One treated beam of each dimension from the original section was then set aside and allowed to air dry, while the other treated sections were kiln dried to a target moisture content of 17 percent using a 4-day kiln cycle with a relatively narrow wet/dry bulb depression (20°C) to minimize possible checking and strength effects (Winandy 1995).

Visual assessment

Since waterborne treatment can increase the risk that the wetting and drying processes induce checking, the untreated and treated beams were visually assessed for degree of checking. These results are somewhat subjective, but they may help architects and engineers assess the benefits of waterborne treatments in term of costs versus the potential negative visual impacts of checking. The lengths and widths of checks on the wide face of each beam were assessed, and the checks were qualitatively categorized as 0 = no checking or splitting, 1 = mild checking, 2 = moderate checking, or 3 = severe checking (Fig. 1).

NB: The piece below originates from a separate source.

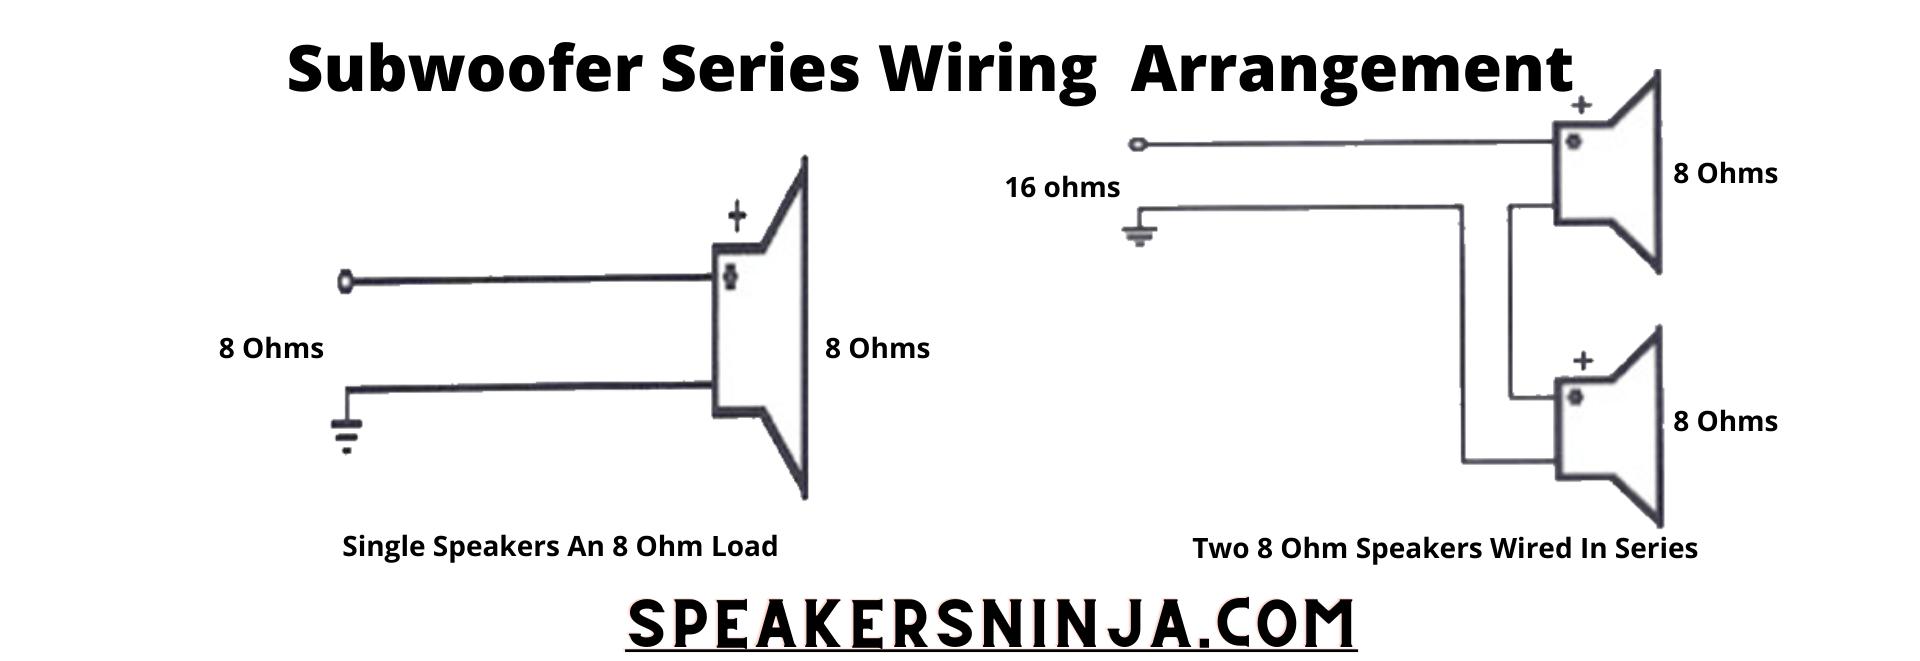 Subwoofer Series Wiring Arrangement

Figure 1.—. Examples of mild, moderate, and severe checking (left to right) at the ends of glued laminated beams following ammonical copper zinc arsenate (ACZA) treatment and kiln drying.Figure 1.—. Examples of mild, moderate, and severe checking (left to right) at the ends of glued laminated beams following ammonical copper zinc arsenate (ACZA) treatment and kiln drying.Figure 1.—. Examples of mild, moderate, and severe checking (left to right) at the ends of glued laminated beams following ammonical copper zinc arsenate (ACZA) treatment and kiln drying.
Figure 1.— Examples of mild, moderate, and severe checking (left to right) at the ends of glued laminated beams following ammonical copper zinc arsenate (ACZA) treatment and kiln drying.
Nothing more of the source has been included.